My belief in God is not that one man is in the sky ruling everything, but as a universal life force that runs through all living things and connects us all. It’s all encompassing and all loving.
I ran across this quote a few years ago. Right as I had walked into the storm of mid-life.
Imagine yourself as a living house. God comes in to rebuild that house. At first, perhaps, you can understand what He is doing. He is getting the drains right and stopping the leaks in the roof and so on: you knew that those jobs needed doing and so you are not surprised. But presently He starts knocking the house about in a way that hurts abominably and does not seem to make sense. What on earth is He up to? The explanation is that He is building quite a different house from the one you thought of—throwing out a new wing here, putting on an extra door there, running up towers, making courtyards.
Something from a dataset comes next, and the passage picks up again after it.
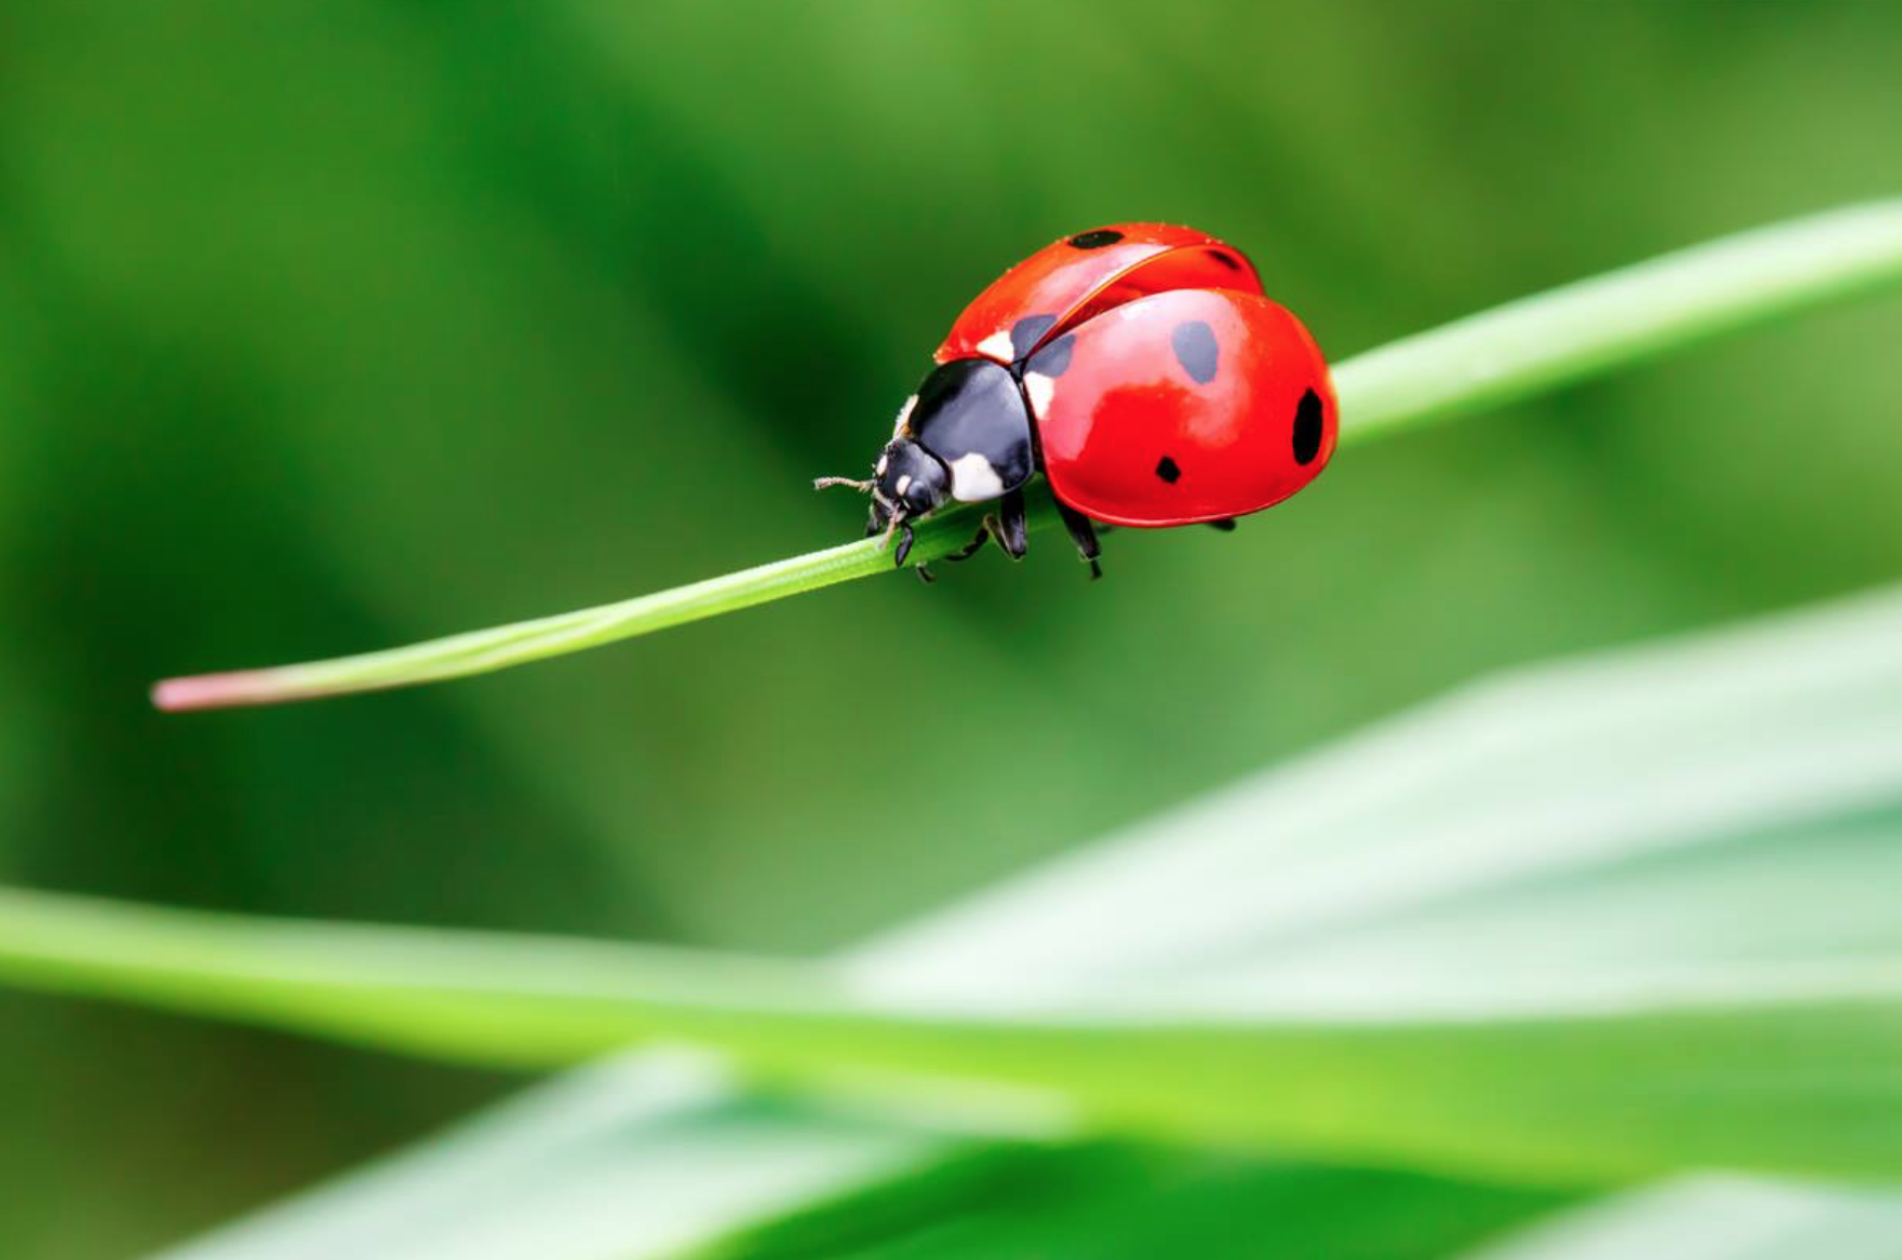 - Harmonia axyridis, the common Ladybug or Multi-Coloured Asian Lady Beetle (MALB)

You thought you were going to be made into a decent little cottage: but He is building a palace.
~ C.S. Lewis
In theory, having a remodelled house turn into a palace sounds lovely.
In reality it was, and still is, tremendously hard to let myself be changed.
I like to think I welcome the change and that hard times make me stronger, but I can see that at times my thought patterns and definitions make me resist the change.
I still struggle with speaking my truth because I don’t want to rock the boat.
It’s hard to stand my ground because of my fears of rejection and loss.
It’s tough to quantify my worth because I don’t want to be greedy or scoffed at.
It’s difficult to choose me because I don’t want to be selfish or uncaring toward others.
I feel like these hard areas might be the building blocks of the palace, and once I embraced them, I knew I still didn’t have it right.
Being able to do it with kindness, softness and compassion….and without my ego jumping in, is the next level of hard!
The inner battle continues, but the good news is I can see signs of progress…and at the end of the day it’s all I can ask of myself.
I don’t need to be perfect, I just need to be a little bit better than who I was yesterday.